Cela fait quelques temps que j’entends parler d’Abdel Hafed Benotman, que les copains me disent de le lire … Je l’ai même croisé brièvement lors de la dernière AG de l’association 813 … Mais voilà, il sort tant de livres, et de bons livres, que je l’avais raté. Oubli réparé grâce à la réédition en poche d’Eboueur sur échafaud. Il était temps. Je passais vraiment à côté d’un auteur remarquable.

 

Dans la famille Bounoura il y a : Benamar, le père, colosse analphabète qui se venge à la maison des humiliations qu’il subit tous les jours au dehors et cogne sur tous ceux qui contestent sa loi ; Nabila, la mère qui ne peut oublier l’Algérie, ne parle quasiment pas français, et sombre peu à peu dans une folie dont la violence s’exerce tour à tour sur ses enfants et sur elle-même ; Nourredine (dit Nono), l’aîné qui voudrait faire du théâtre ; Karima (dite Kim) et Nadia (dite Nadou), les deux filles qui, chacune de son côté, va trouver sa façon d’échapper à la tyrannie et à la violence du père ; et Faraht (dit Fafa, le narrateur), le petit dernier, battu, martyrisé à la maison, moqué au dehors, qui avec ses rares copains va se rebeller, se battre et plonger, peu à peu, dans la délinquance. Tout cela se passe à Paris, fin des années 60, début des années 70. D’après Benamar le tyran, Fafa n’a que deux avenirs possible : éboueur ou sur l’échafaud.

 

Etonnant. Alors que le fond de l’histoire (folie, maltraitance, brutalité sur un enfant, racisme, obscurantisme … et j’en passe) est sinistre, on arrive à sourire et à se laisser emporter par la beauté de la langue, et la vitalité du narrateur. Même si l’auteur ne laisse aucune illusion à son lecteur, c’est bien l’éducation d’un délinquant qui va passer de très nombreuses années en prison, avec la noirceur et la misère que cela implique, qui est ici décrite, on ne peut s’empêcher de … prendre du plaisir à la lecture.

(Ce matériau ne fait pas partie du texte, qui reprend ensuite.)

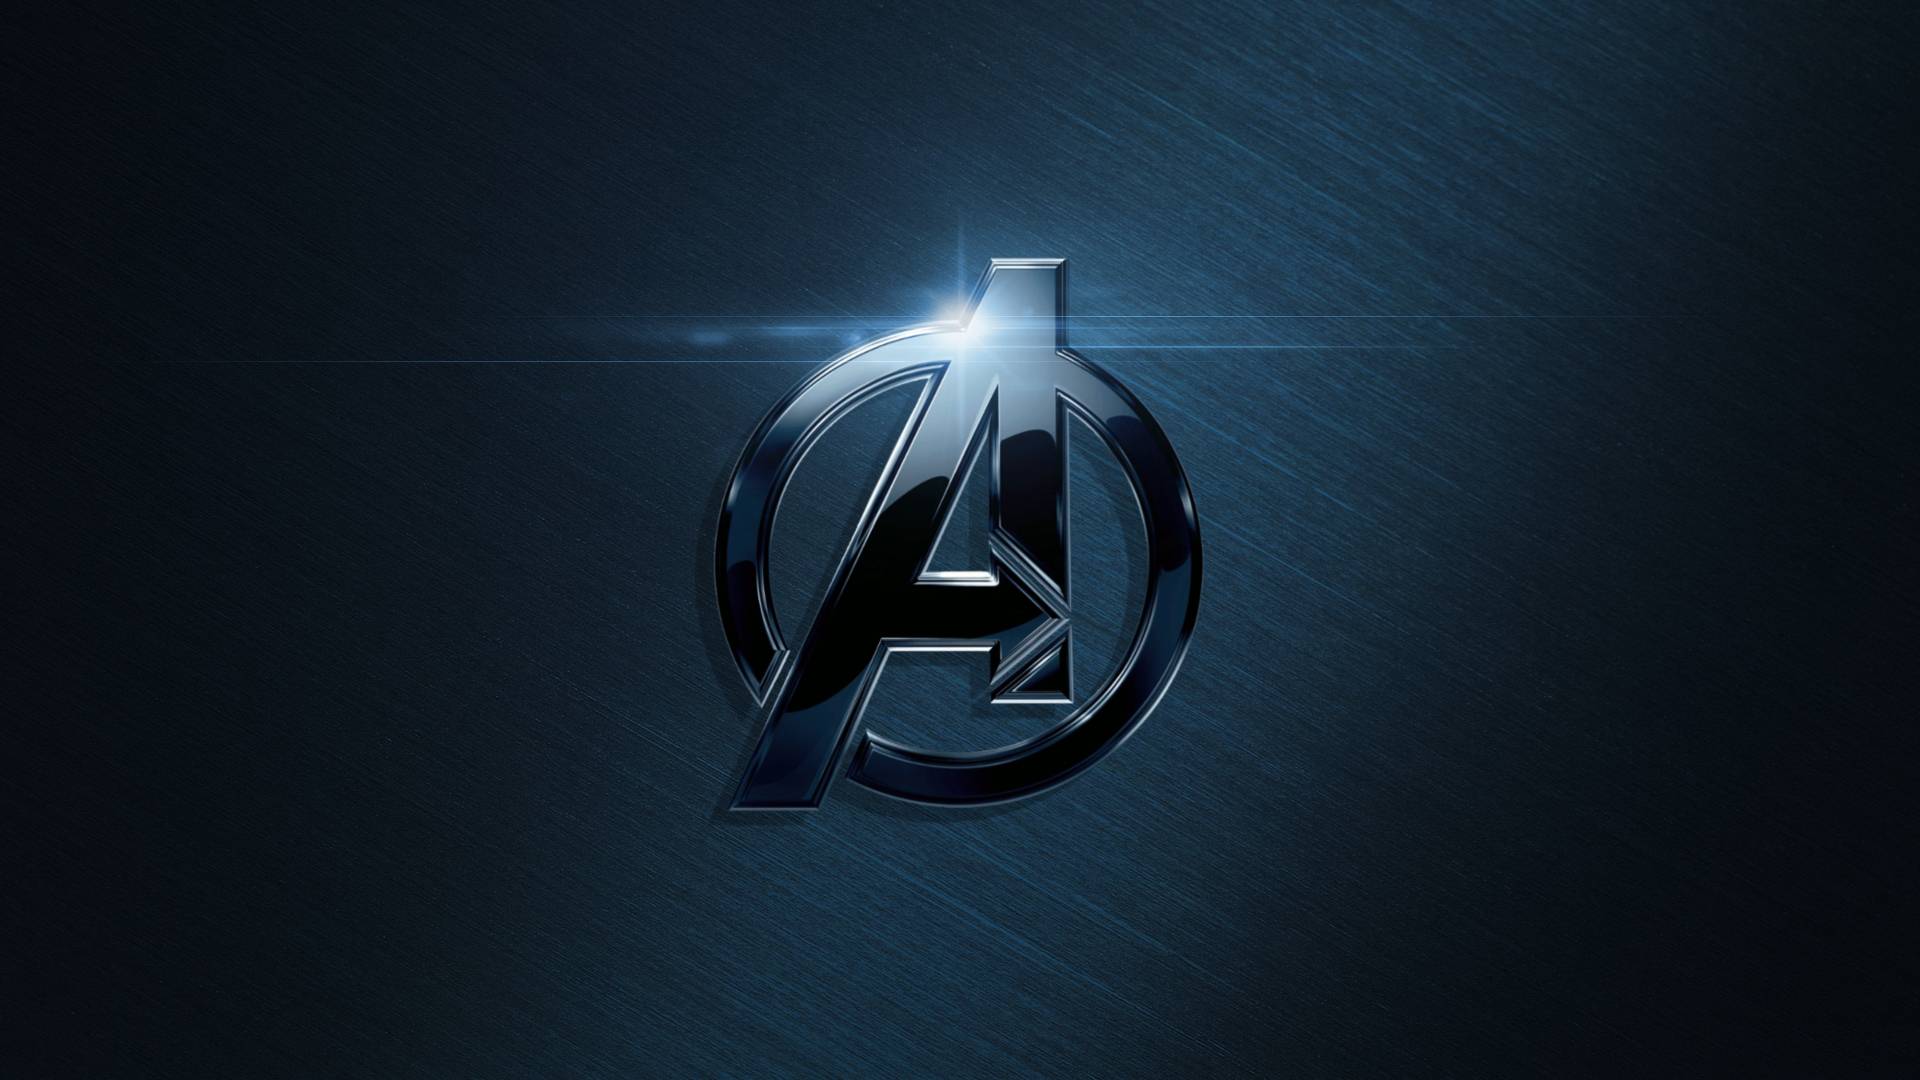 Logo Avengers Wallpapers PixelsTalkNet

Etonnant vraiment, car malgré la noirceur de l’ensemble c’est bien cela qu’il se passe, on prend du plaisir ! Avant d’être rattrapé par le fond, d’un noir profond. Miracle de la langue, du style … miracle de la littérature pour faire bref.

 

C’est aussi qu’il y a un côté Malaussène dans cette famille Bounoura. Des Malaussène où l’amour et la solidarité auraient été remplacés par la colère, la haine ou la folie. Mais par certains côtés, on retrouve la même chaleur, même si ici elle brûle au lieu de réchauffer. Et puis il y a de magnifiques pages sur l’amitié, la révolte, ou la complicité entre Fafa et Nadou. Il y a surtout une humanité, une énergie flamboyante, une envie de vivre qui emportent tout. Aucune froideur, aucune indifférence.

 

Les copains avaient raison (comme toujours), il fallait que je lise Abdel Hafed Benotman.

 

Abdel Hafed Benotman / Eboueur sur échafaud, Rivages Noir (2009).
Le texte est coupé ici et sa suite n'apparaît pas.